3 minute read

KITH AND KIN

Next Article
Editor's Letter

Editor's Letter

PHOTO COURTESY OF REMI MCMANUS, KIN.

Boise eatery KIN strives for a communal experience

By Harrison Berry

I was at Boise restaurant KIN on a double date, and had just sat down when staff pulled up a two-top to my right on a hunch that a recently arrived couple would “get along” with us. We did. To my left was a couple who’d never been to KIN, lured by news of Co-Owner and Chef Kris Komori’s January 2023 nomination for a regional James Beard Award—Best Chef: Northwest (his fifth, making him arguably the most high-profile chef in Idaho). Introductions and handshakes led to conversation and laughter with people we’d never met.

“Maybe you don’t think you have anything in common with them,” KIN Co-Owner and Chef Kris Komori said about strangers you meet at the restaurant’s communal dinners. “You’re having a shared experience, and people get to know each other a little bit. That part’s unique. We’re the weird creature in the restaurant ecosystem.”

PHOTO COURTESY OF REMI MCMANUS, KIN.

Each of the five courses we ate that night—think sturgeon with seaweed and mushrooms or a shockingly hearty grain salad—was elevated, original, and paired with wine and cider. It’s tempting to try to pick a favorite or dissect the menu, but don’t miss the orchard for the apples. KIN bills itself as a place for new friends, storytelling, and family. Seated next to strangers, surrounded by art, and party to occasional explainers about the courses, diners get a singular Boise experience not so much driven by food as enabled and validated by it.

Fostering a social rather than insular dining experience is a holdover from KIN’s precursor restaurant State and Lemp. Other inheritances include staff collaboration on menus and beverage pairing, and “preservice meals,” in which one kitchen employee makes a meal for the entire staff while they strategize the night’s service. It makes for a work culture that looks less like a French Brigade and more like an actual family.

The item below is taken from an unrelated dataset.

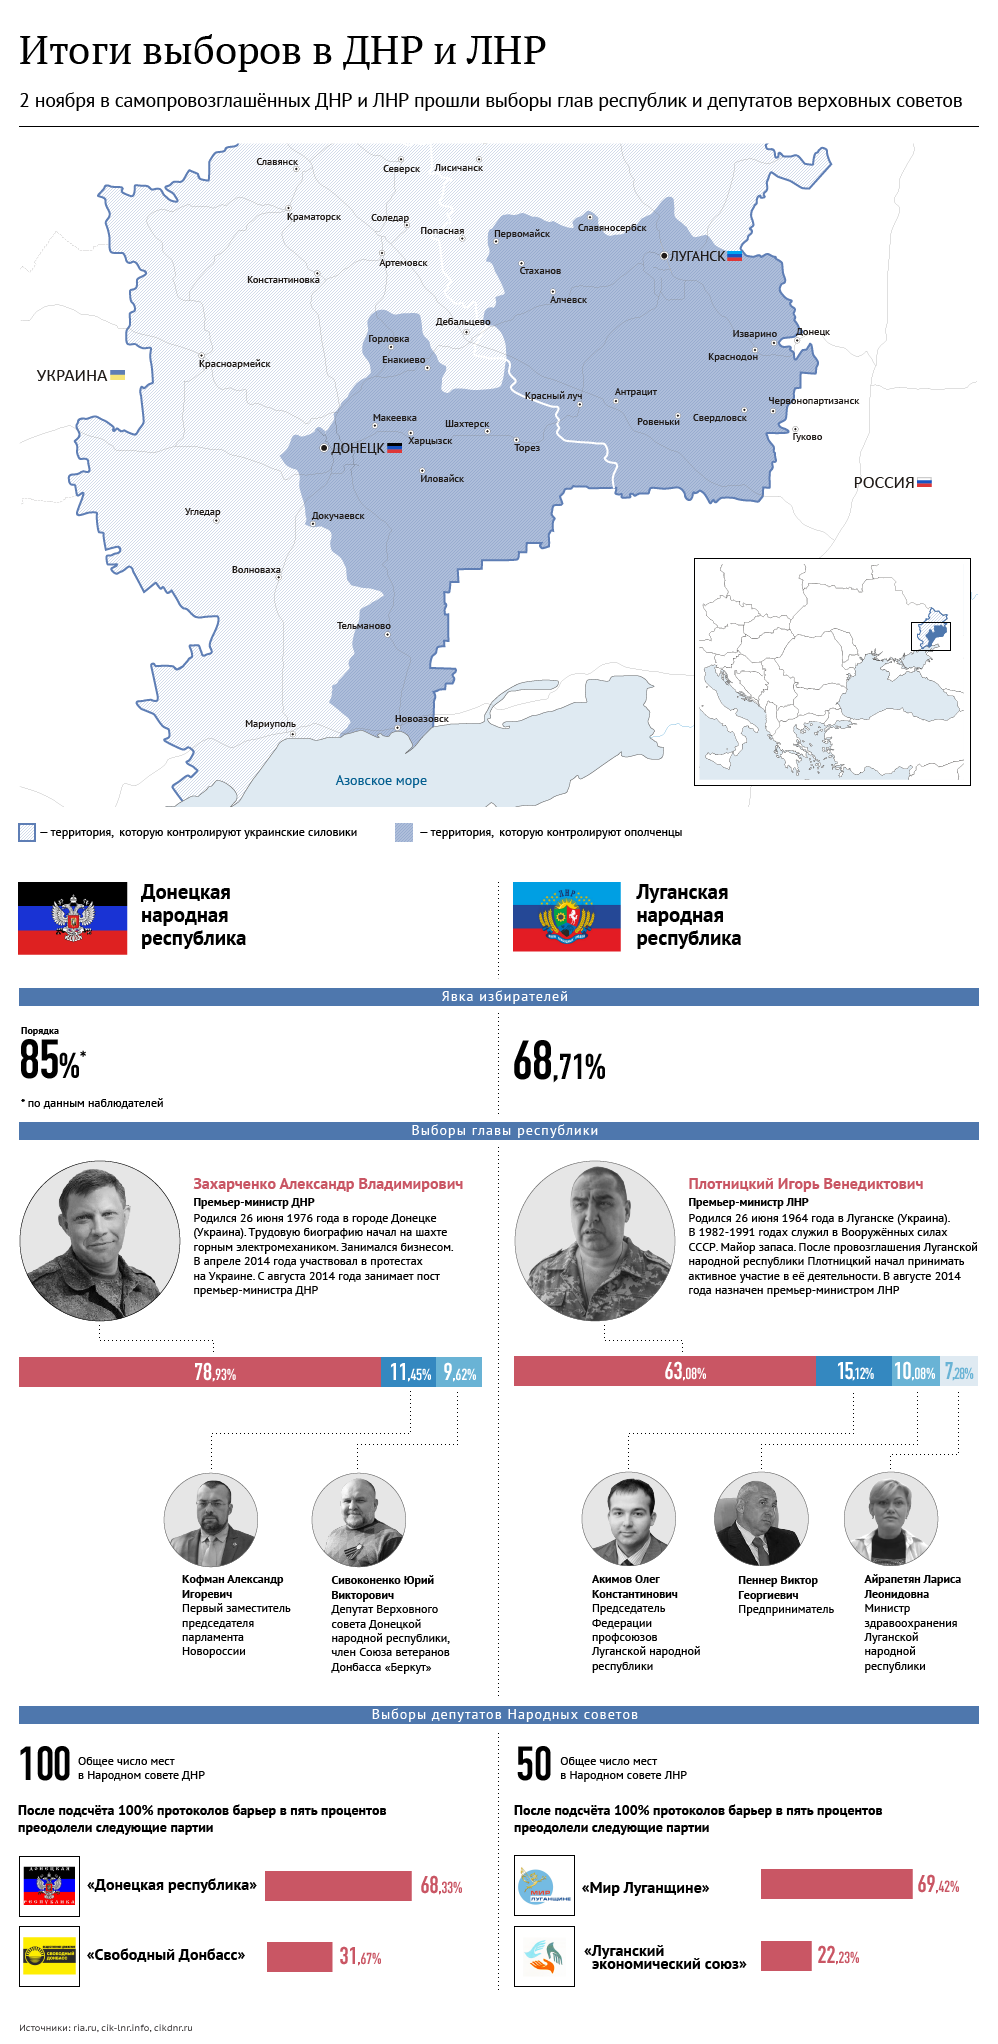 Итоги выборов в ДНР и ЛНР. Инфографика

“I’ve always thought that [preservice meals] were really important. We just like each other,” Komori said. “We’re a very technically driven place, but we need the right people to fit.”

The staggered courses are a sensory delight. Each of the five courses such as sturgeon with seaweed and mushrooms (left) or hearty grain salad were paired with wine and cider.

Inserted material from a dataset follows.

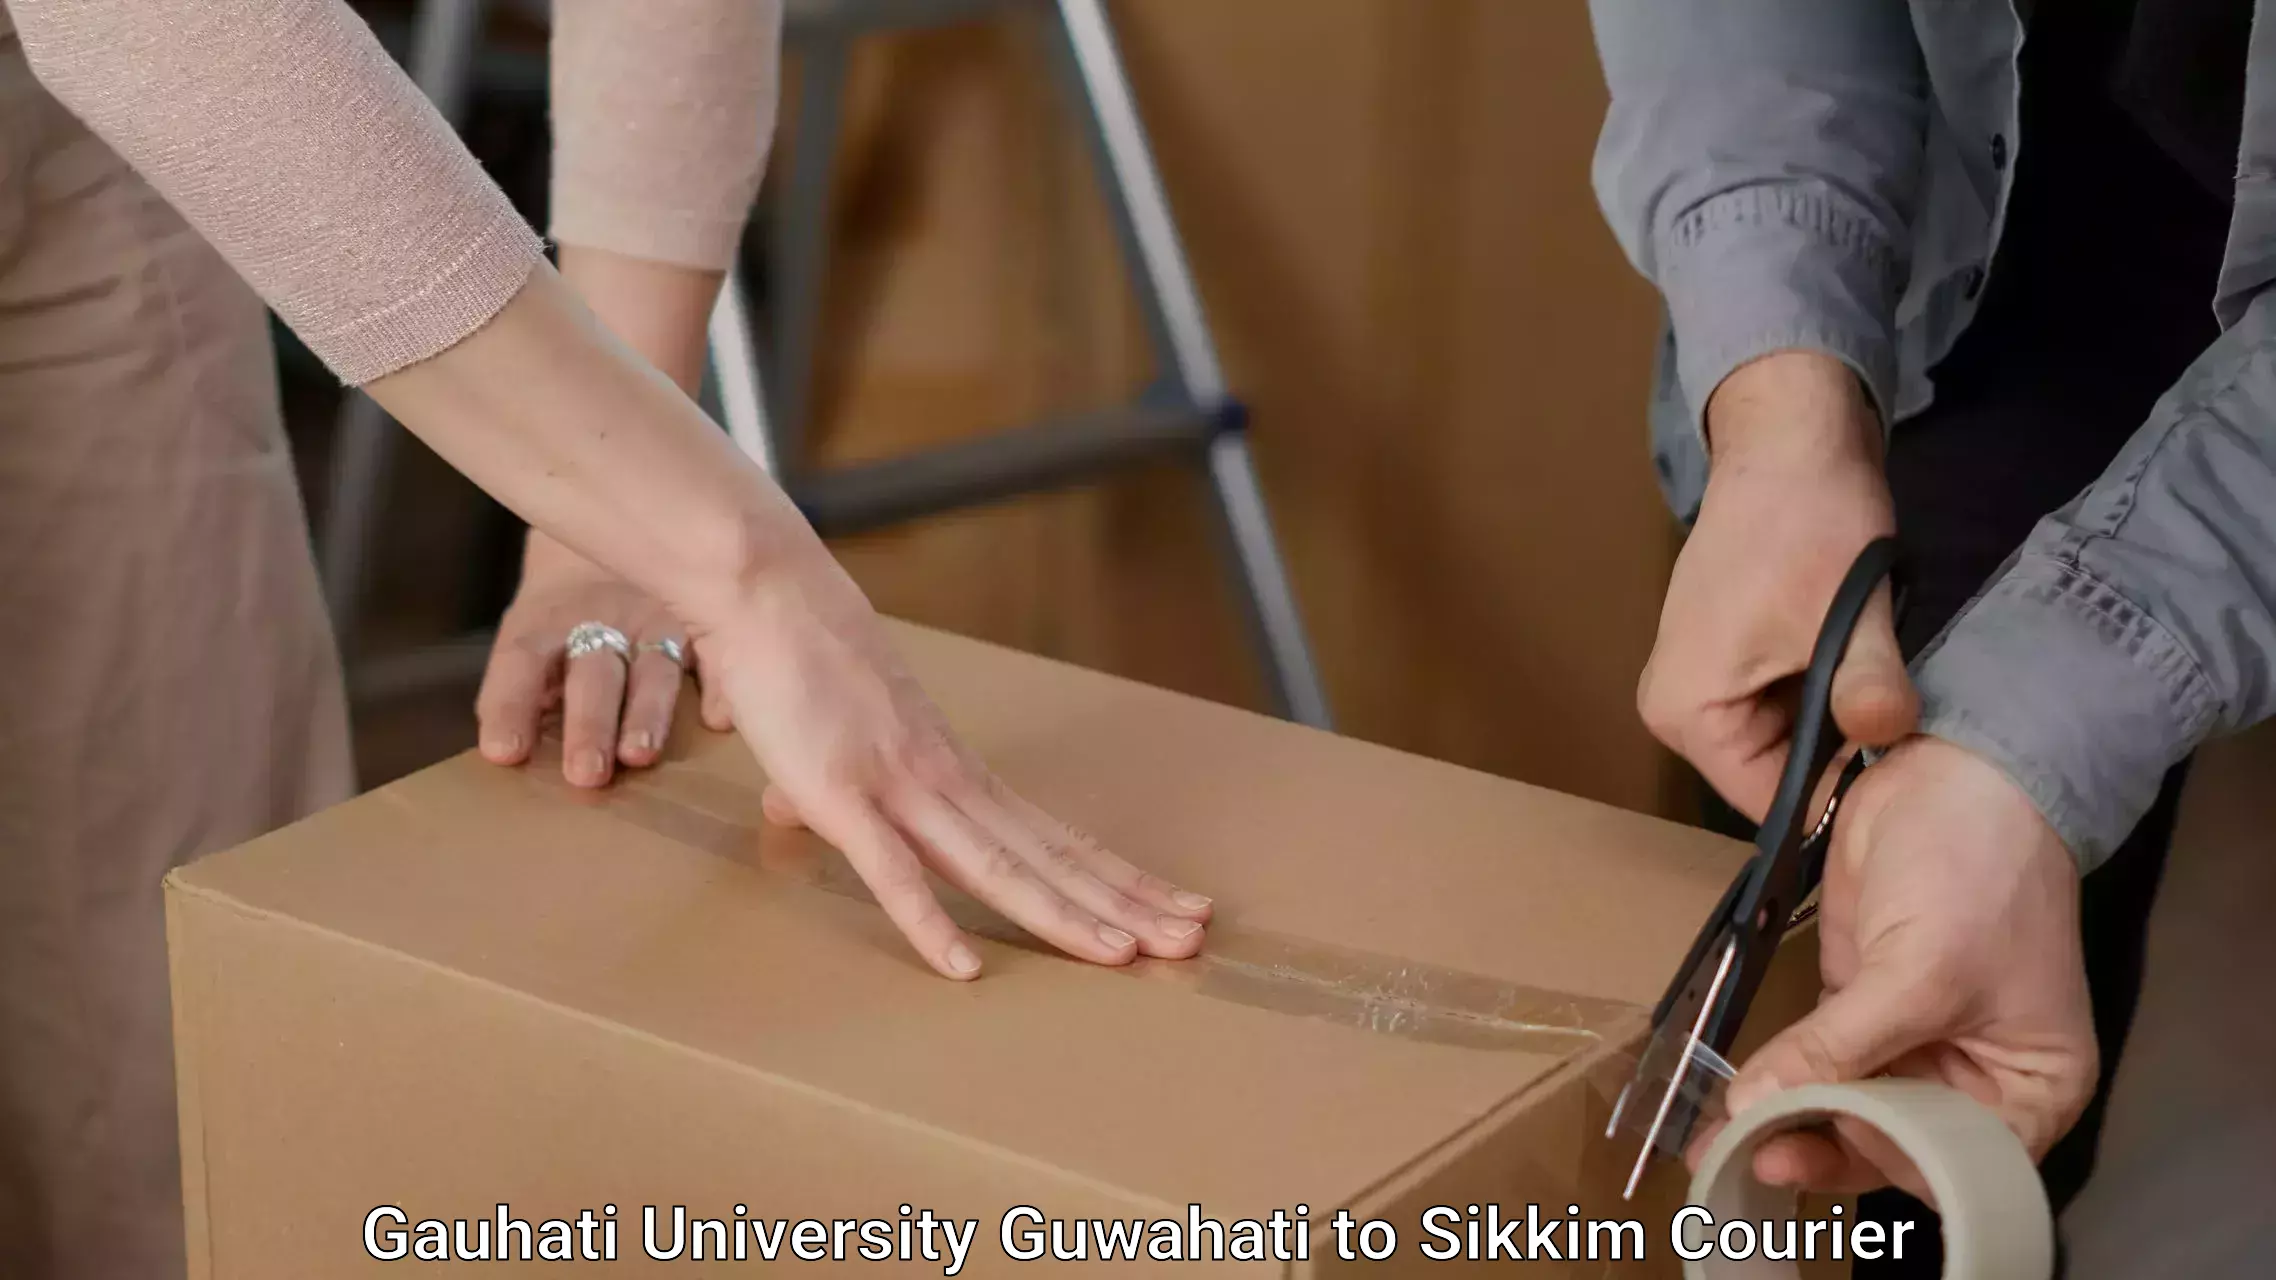 Furniture moving plans Gauhati University Guwahati to Sikkim

PHOTO COURTESY OF REMI MCMANUS, KIN.

Call it KINship. Since the restaurant opened in 2020, it has worked to offer its employees materially more than most establishments of its industry and size. In 2021, it instituted a service charge on every check to subsidize health insurance and IRAs for the entire team. The company has also instituted an equitable salary system, and profit- and tip-sharing.

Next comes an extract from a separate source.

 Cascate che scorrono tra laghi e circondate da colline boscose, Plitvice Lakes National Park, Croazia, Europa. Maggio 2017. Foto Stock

In 2023, Komori was one of four Treasure Valley semifinalists for regional James Beard Awards—more local chefs than any previous year. He attributes the increase in recognition to the growth of Boise and a large pool of talented service industry workers. As the number of prestigious Boise-area restaurants grows, Komori said he hopes KIN’s influence extends beyond fine dining and into the culture of the food service industry.

“The food and beverages are just what we do, you know?” he said. “And then the ‘why’ of what we do is to grow this culture and have a positive impact on the community.”